Florian: You spun up this front end micro SaaS within a few weeks. How does one do that? What is your stack like for payments and things like that? How can you build something so quickly when something like Whisper comes out?

Ramsri: One of the biggest things is hosting Whisper to some scale. Whenever a new model comes up, especially with these language models, it is hard because you need a GPU to host. One of the biggest revolutionary things that happened in the last year, is serverless GPUs. Serverless GPU simply means you call and only pay for the compute that has being used. Let us say you used 1 minute of GPU time, you only pay a few cents. Now no matter whether Whisper or some other model came up, instead of you hosting that for $500 and paying $500 bill for one GPU, you can instead use serverless GPU where you only pay per usage. One of the biggest innovations was quickly taking any open source model and building an API on top of it with serverless GPUs to host it. Then you partner with developers who can build the front end very quickly. Since I have built SaaS at least three or four times, I know the fastest tech stack to pick from serverless GPUs to AWS to front end. I test it out and launch by building in public on LinkedIn and Twitter. That is where I get my beta users. Who are the people who are currently using it? Simply anyone who wants subtitles. It could be YouTubers. There are many non-native YouTubers who put out content in Hindi or Spanish, et cetera. They use Supertranslate and in one click they get the subtitles in English. They probably them edit a little bit and then get the SRT file. We launched in probably one month, one and a half months time after initial tests and now it is at $200 and 14 or 15 paying customers. 

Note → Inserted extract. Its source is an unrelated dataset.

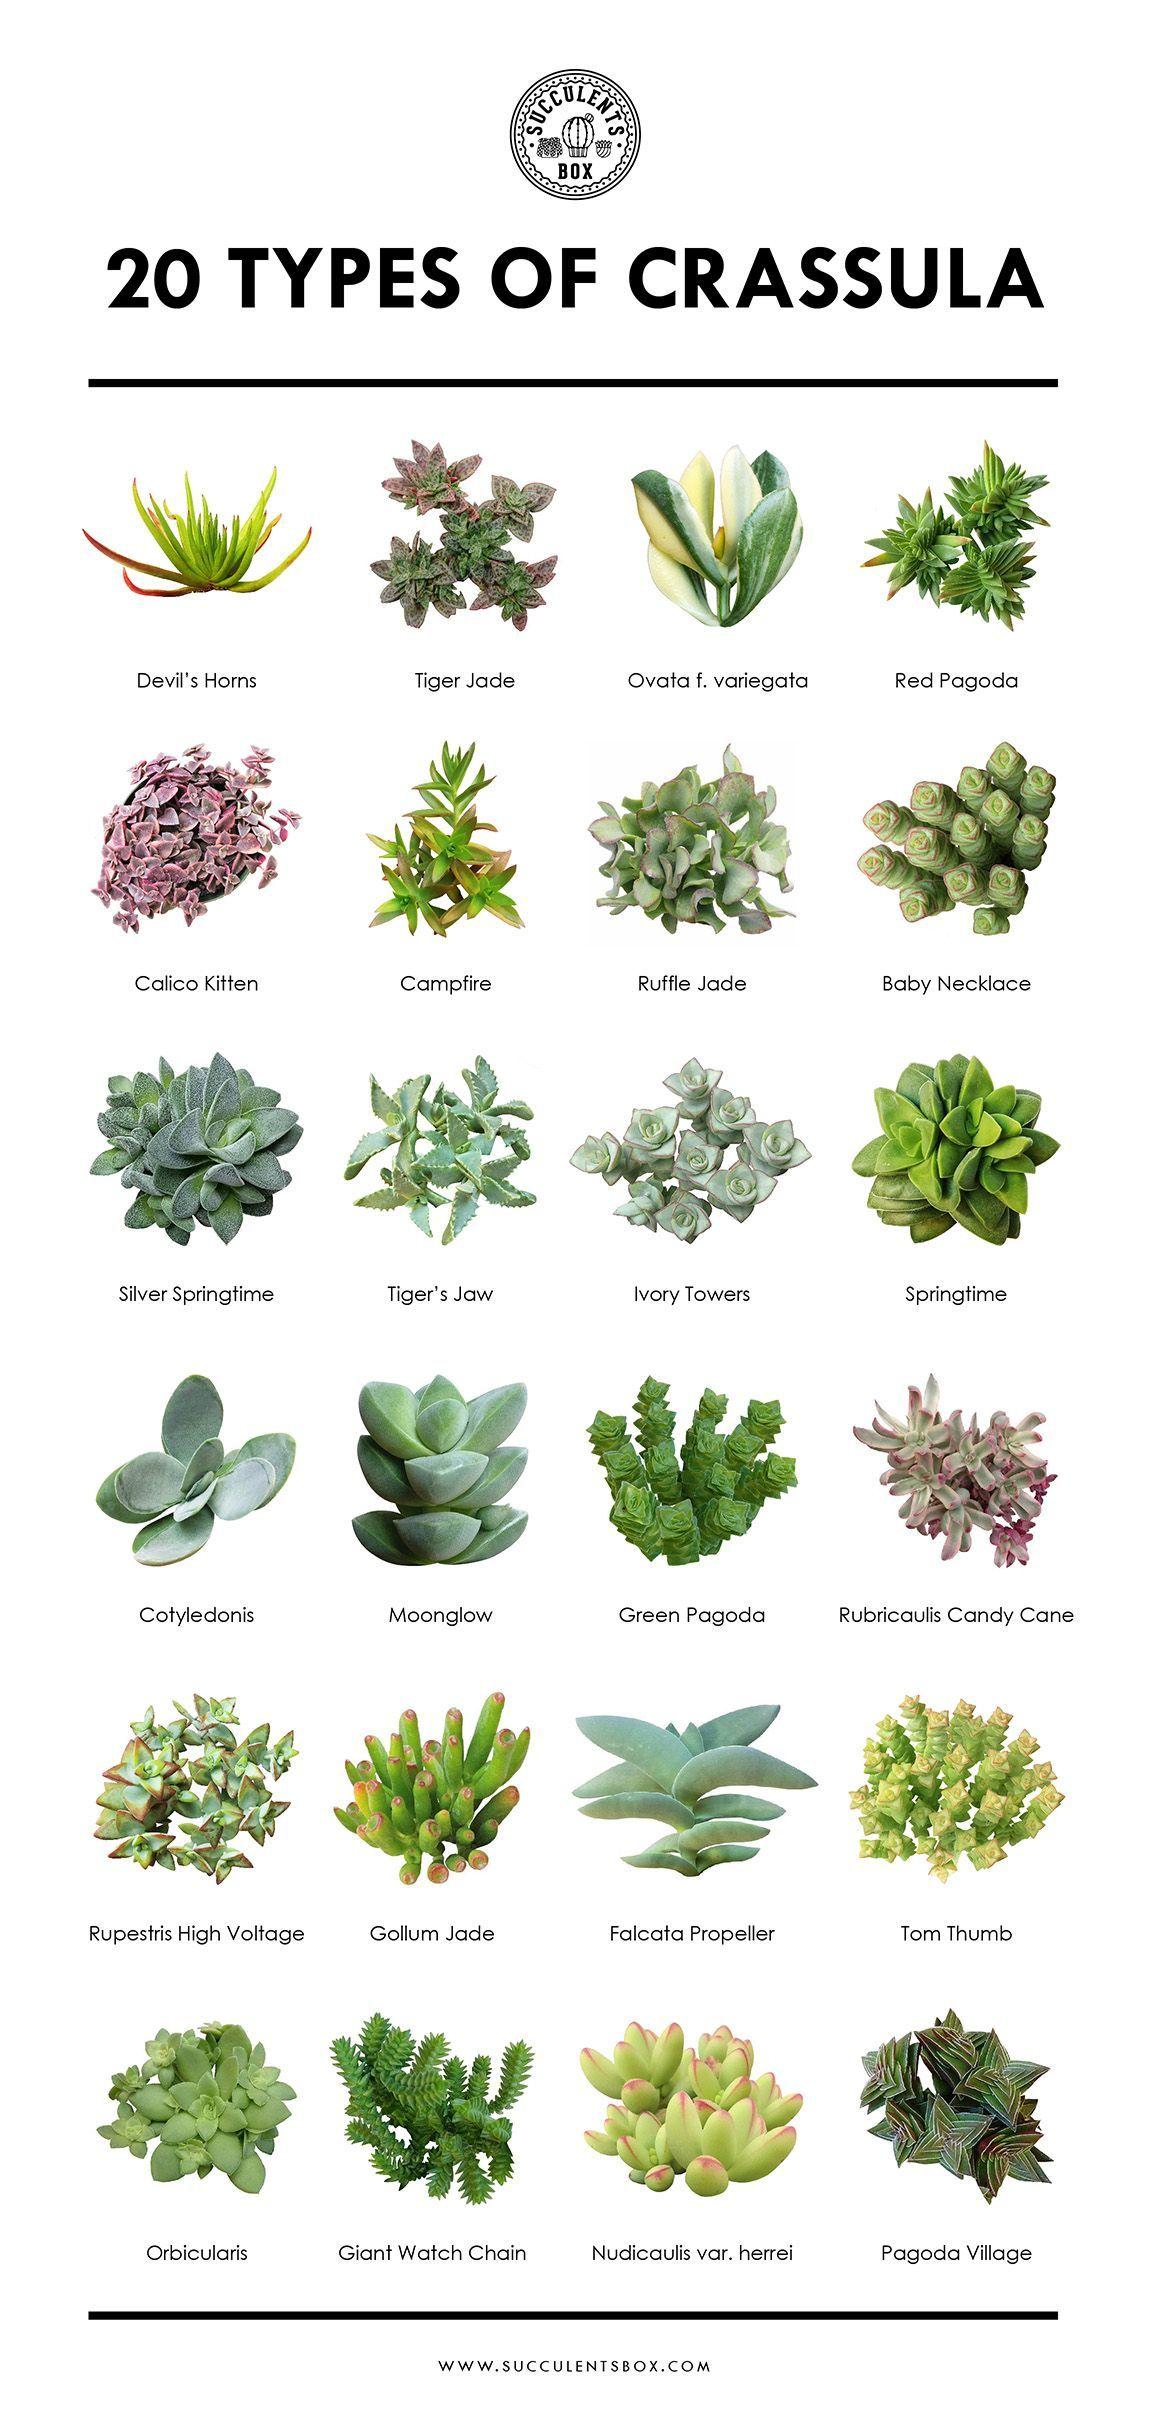 20 Tipos De Crassula With Images Types Of Succulents Plants

To be honest, we do not publicly post too much about Supertranslate. Simple reason is that our tech implementation is lagging behind because all our developers are part time. We could not move at the developer speed that we wanted to. We wanted to keep low and build more features like smart splitting and speaker diarization because Whisper does not support speaker identification natively. You have to merge various transcription services onto Whisper and do a blend of things, et cetera. There is some R&D work happening there. We are laying low and hope people do not discover us. It is not fully ready yet and that is why we are moving slowly. There is one thing we are doing currently, which is one of our cofounders is a localization expert sitting out of UK. He has been traditionally running this localization agency with regular translators, doing this stuff. We are very confident that if we have the right platform we can first integrate with him and build it there so that we have a critical audience and feedback loop established right there. Then we are seeking out feedback from the general public as well. We are building out a system in the localization industry. You might be aware that you need to assign tasks to certain people and you need to have multiple checks and so it is almost like you need to have half project management and half Whisper or whatever it is.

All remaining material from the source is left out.